If TV Show Taglines Told The Truth..

If there’s one thing our American friends love more than guns and the phrase “touch base”, it’s giving their TV shows taglines. Some are good (Winter Is Coming) some less so.. (Sleep Is For Babies), but we’re not so hot on it here in the UK, so we’ve decided to give our favourite programmes their own slogans. More suggestions welcome..

MIDSOMER MURDERS: Cast-iron proof that immigrants don’t boost crime rates.
10 O’CLOCK NEWS: The economy is even more screwed than it was yesterday..
X FACTOR: Vote for me because when I was growing up my family only had one car.
SHERLOCK: Conan-Doyle with iPhones, on-screen text messages and rapid banter.
DOCTOR WHO: Only two people genuinely understand what’s going on any more and one of them is lying.
NEWSNIGHT: Politicians try to out-lie each other as Paxman waves his cock about like a diva.
THE APPRENTICE: This definitely isn’t the best young business talent in the UK.
SKINS: These plot-lines form 90% of The Daily Mail’s news content.
THE JEREMY KYLE SHOW: Some day one of these chavs is going to rip his stupid face right off.
THE ONE SHOW: Mainstream fluff best watched while you’re doing something else..
BOARDWALK EMPIRE: Sopranos Origins. More expensive than an RBS bonus bill.
TOP GEAR: Are you an upper-class English person? Then fuck off. Also, fast cars.
COME DINE WITH ME: It’s a Saturday afternoon and you still haven’t got out of bed.

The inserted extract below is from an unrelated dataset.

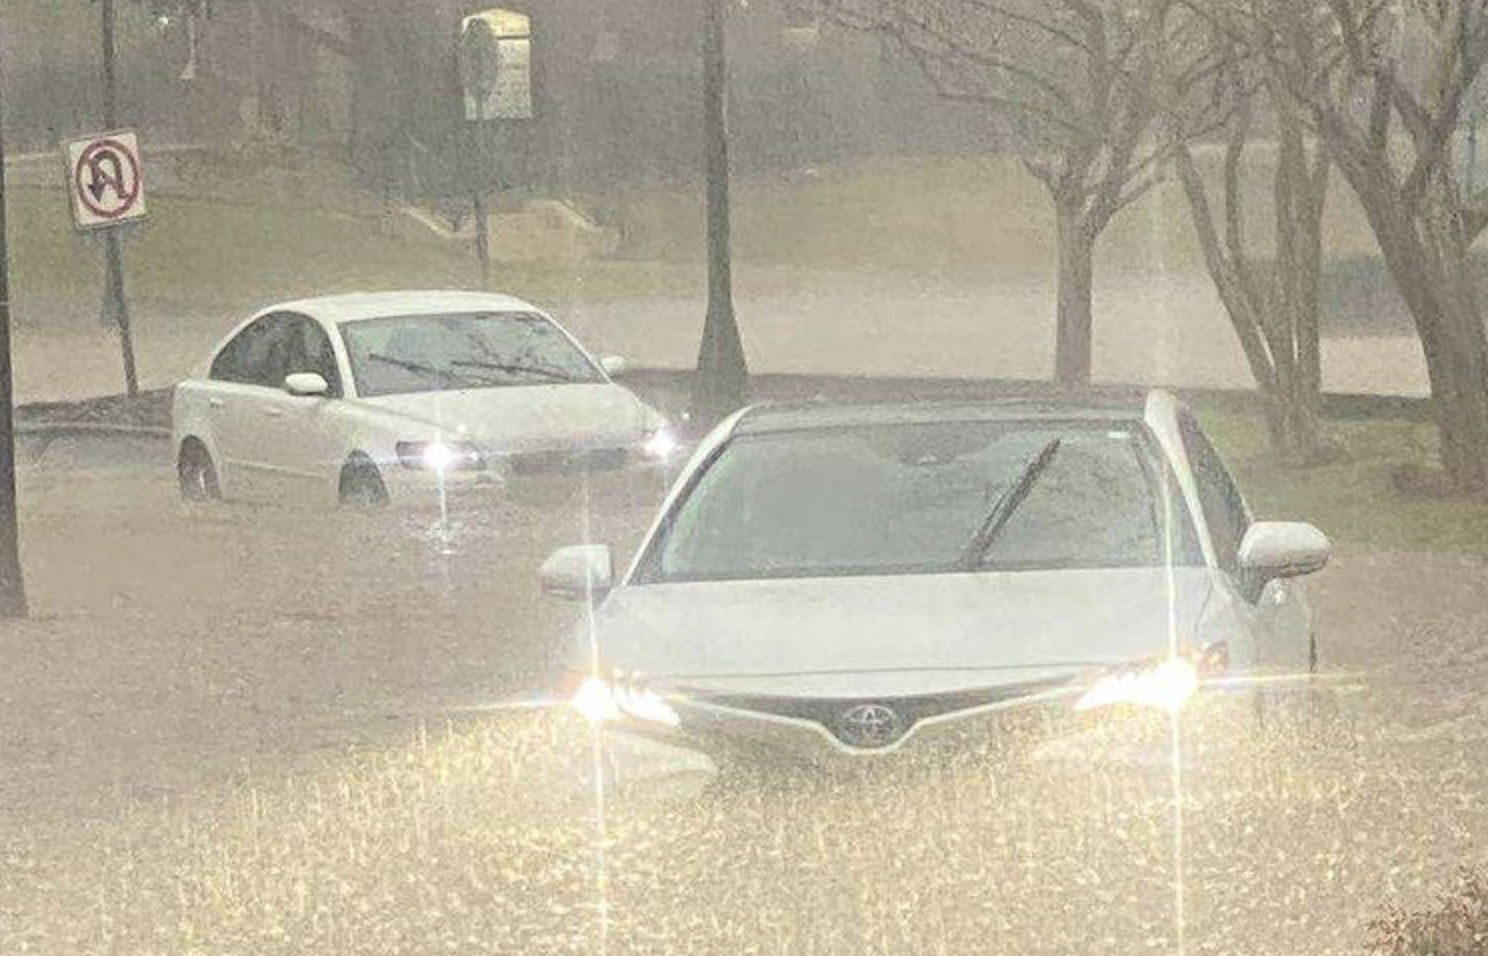 Breaking: Flooding strikes downtown Birmingham

And the commentator’s hilarious ™.
THE KILLING: Watching programmes with subtitles makes you cleverer.
THE ONLY WAY IS ESSEX: ..If you own a fake-tanning business.

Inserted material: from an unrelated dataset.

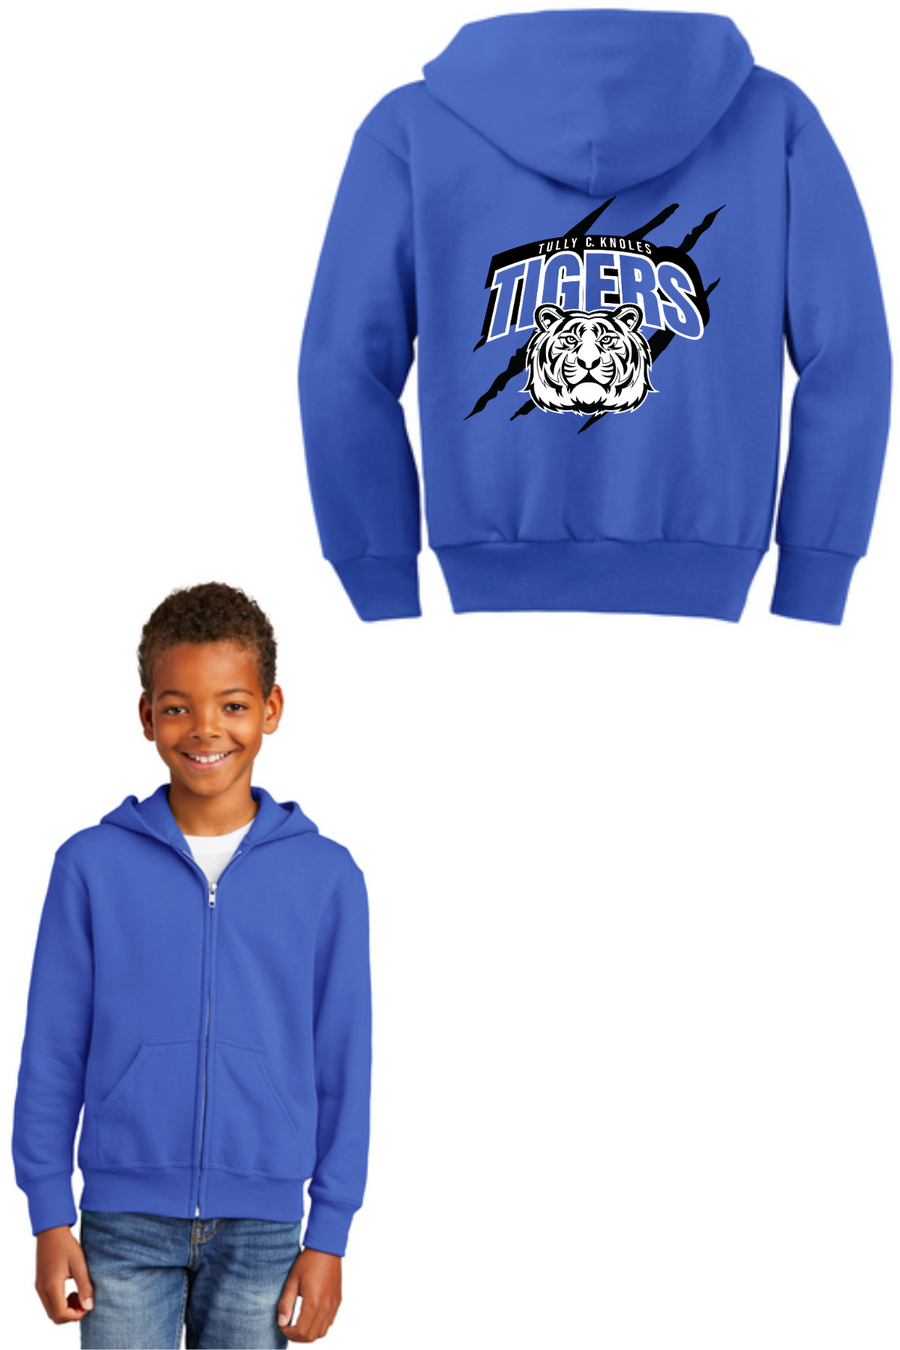 Tully C Knoles - Spirit Wear 23/24 On-Demand-Unisex Full-Zip Hooded Sweatshirt Tiger Logo

MADE IN CHELSEA: TOWIE + servants + champagne + the word ‘yah’.
MAD MEN: Day-time benders, office naps, Joan’s ass. Everything was better before sexism was bad.
MAD DOGS We spent all the cash on British acting talent and got an intern to write the script.
STRICTLY COME DANCING: Your licence fee paid for Brucie’s cryo-chamber so you might as well watch.
HORIZON: Someone’s getting screwed over somewhere. Next up, ‘Don’t Tell The Bride’.
WONDERS OF THE UNIVERSE: Some stuff is a million trillion billion million times as big a football pitch.
HUSTLE: This bastard is so posh that he may break your TV. Watch us rip him off.
JAMIE OLIVER: This meal will taste amazing but the raw ingredients will cost you about £30.
EASTENDERS: No one leaves the square, which is good news for the rest of us.
OUTNUMBERED Middle class kids say the funniest things.